*** Opening Information provided ***

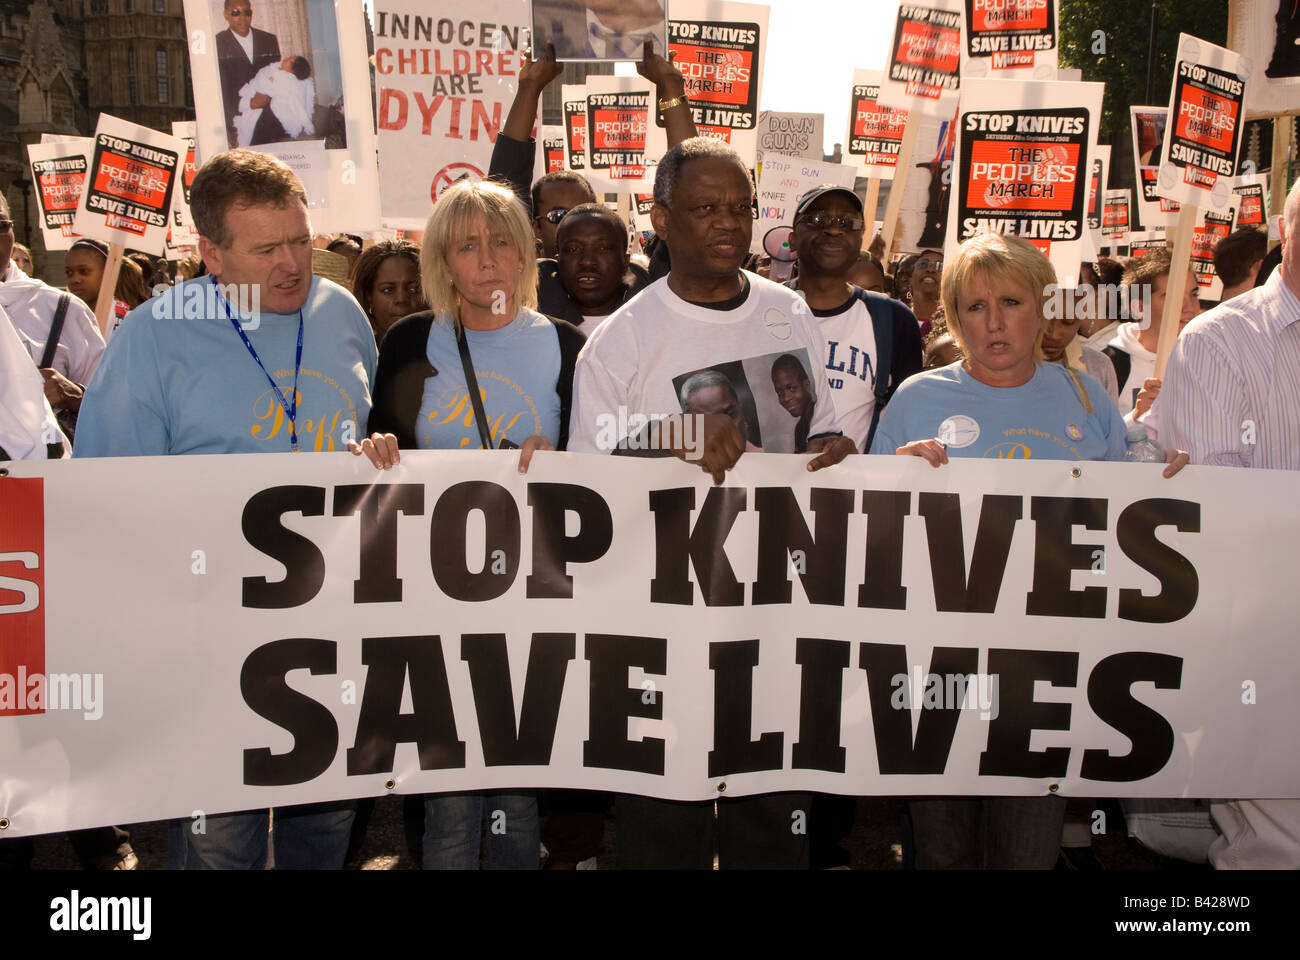 Damilola Taylor's father on The People's March, 20 Sept 2008, London, UK. March and demo against knife crime epidemic. Stock Photo
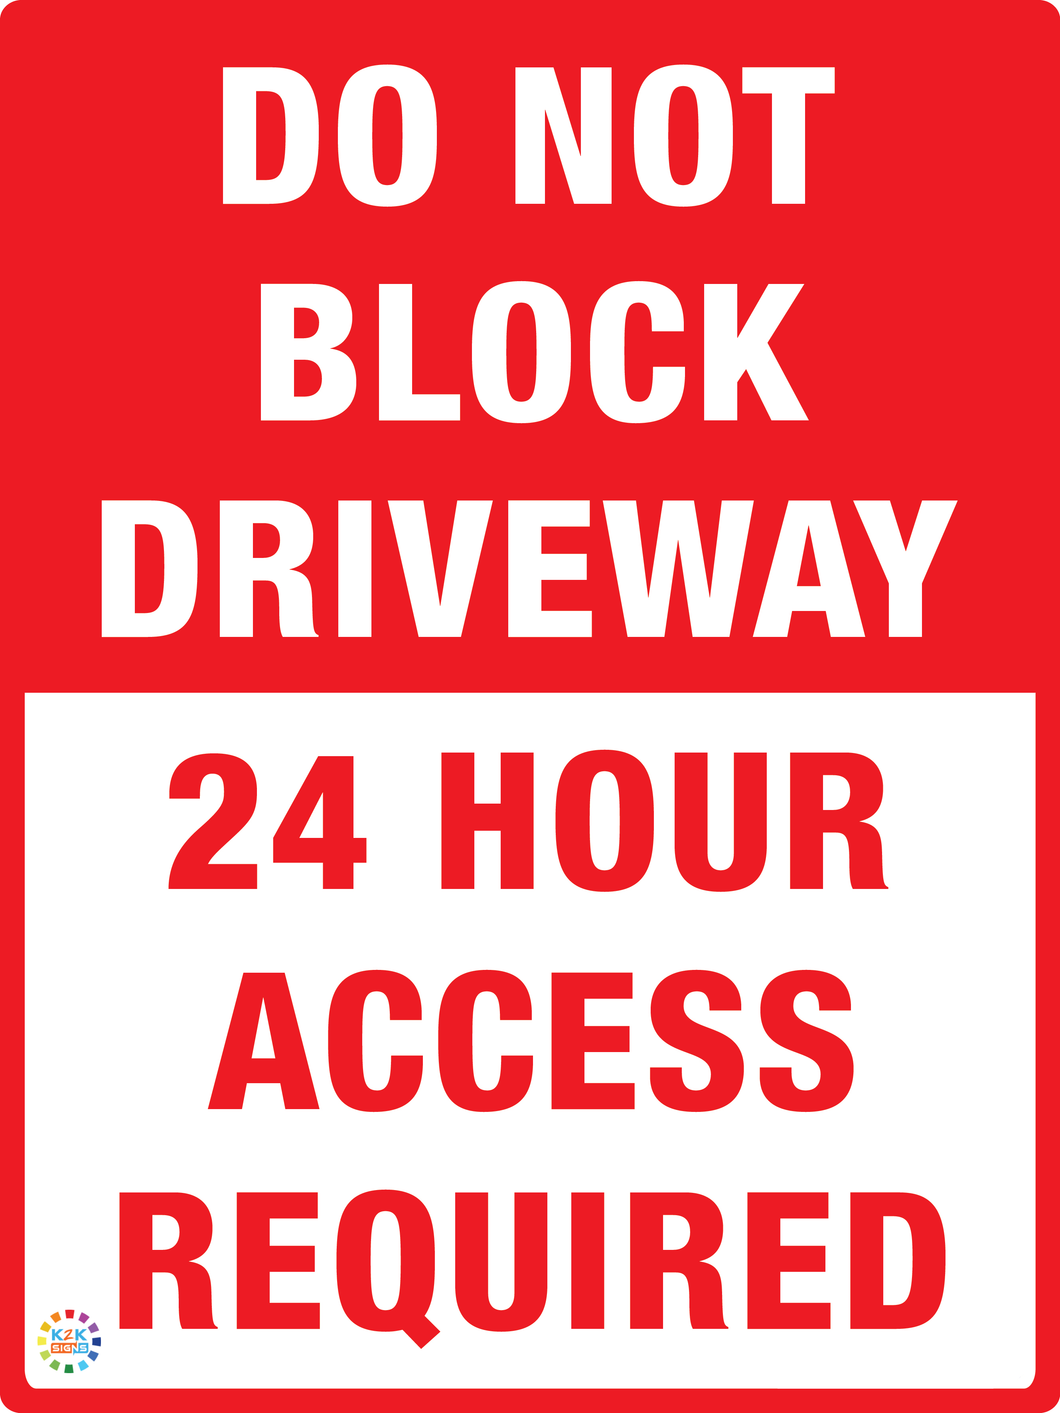 Do Not Block Driveway - 24 Hour Access Required Sign
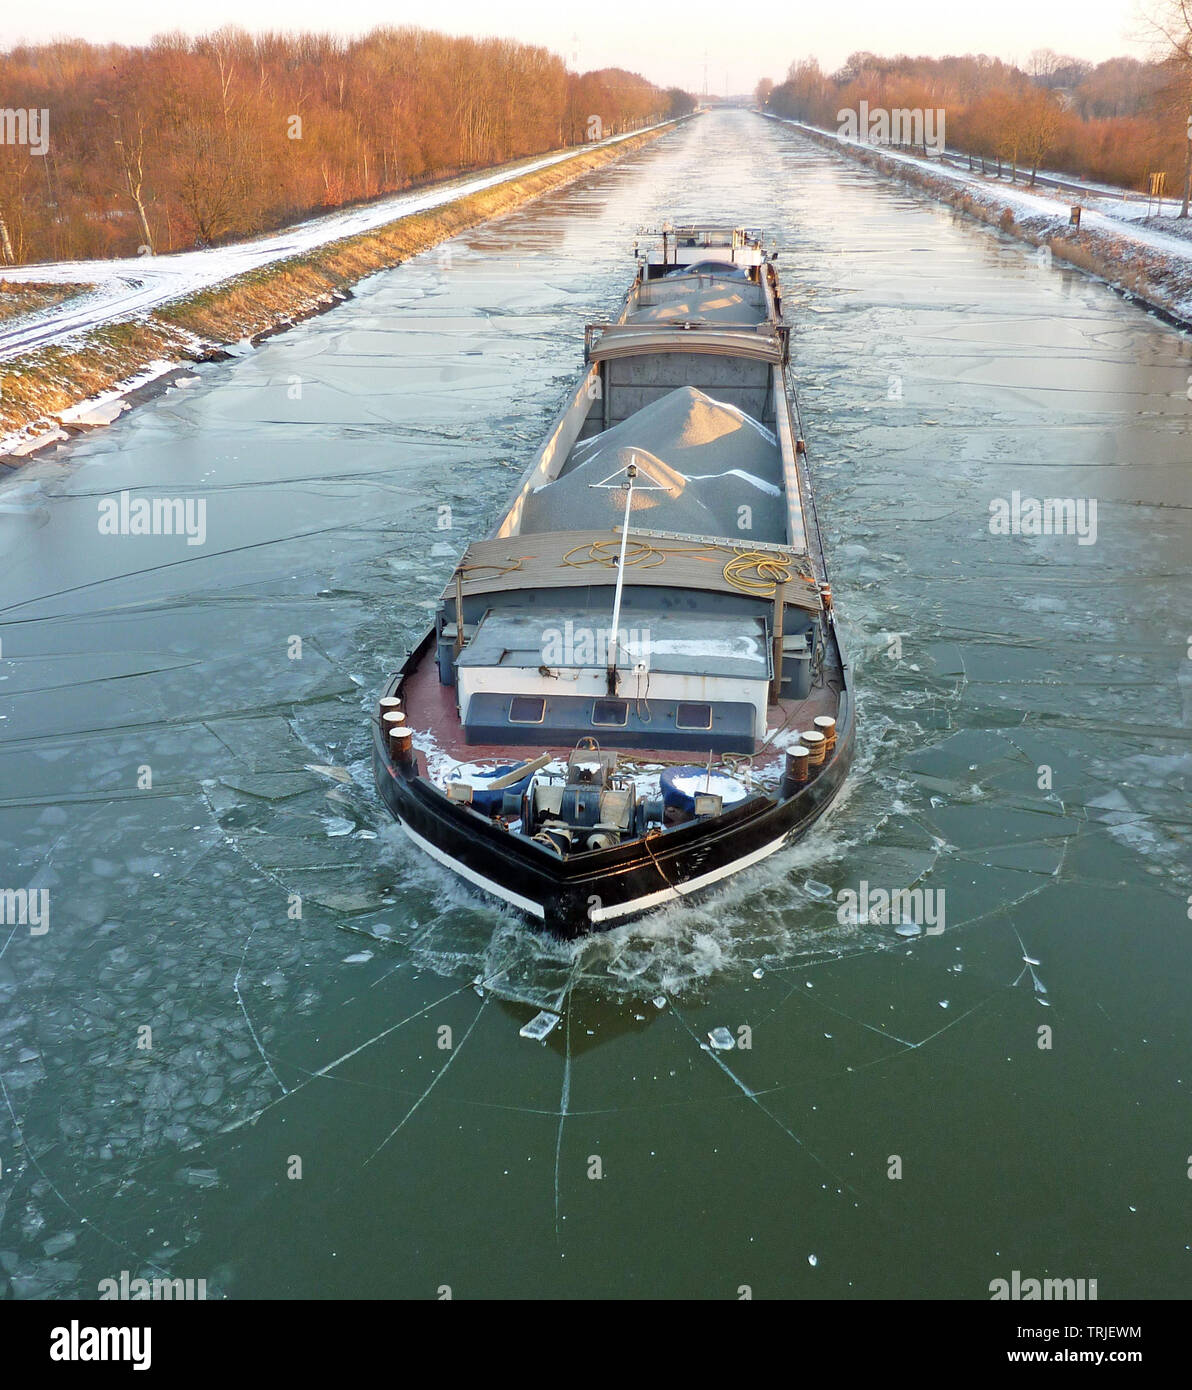 A barge transporting material sailing on a small frozen canal Stock Photo

*** Closing Information provided ***

Requirement: Could you reproduce the data above exactly, without its pictures?

Result for this exercise:
 Damilola Taylor's father on The People's March, 20 Sept 2008, London, UK. March and demo against knife crime epidemic. Stock Photo
 Do Not Block Driveway - 24 Hour Access Required Sign
 A barge transporting material sailing on a small frozen canal Stock Photo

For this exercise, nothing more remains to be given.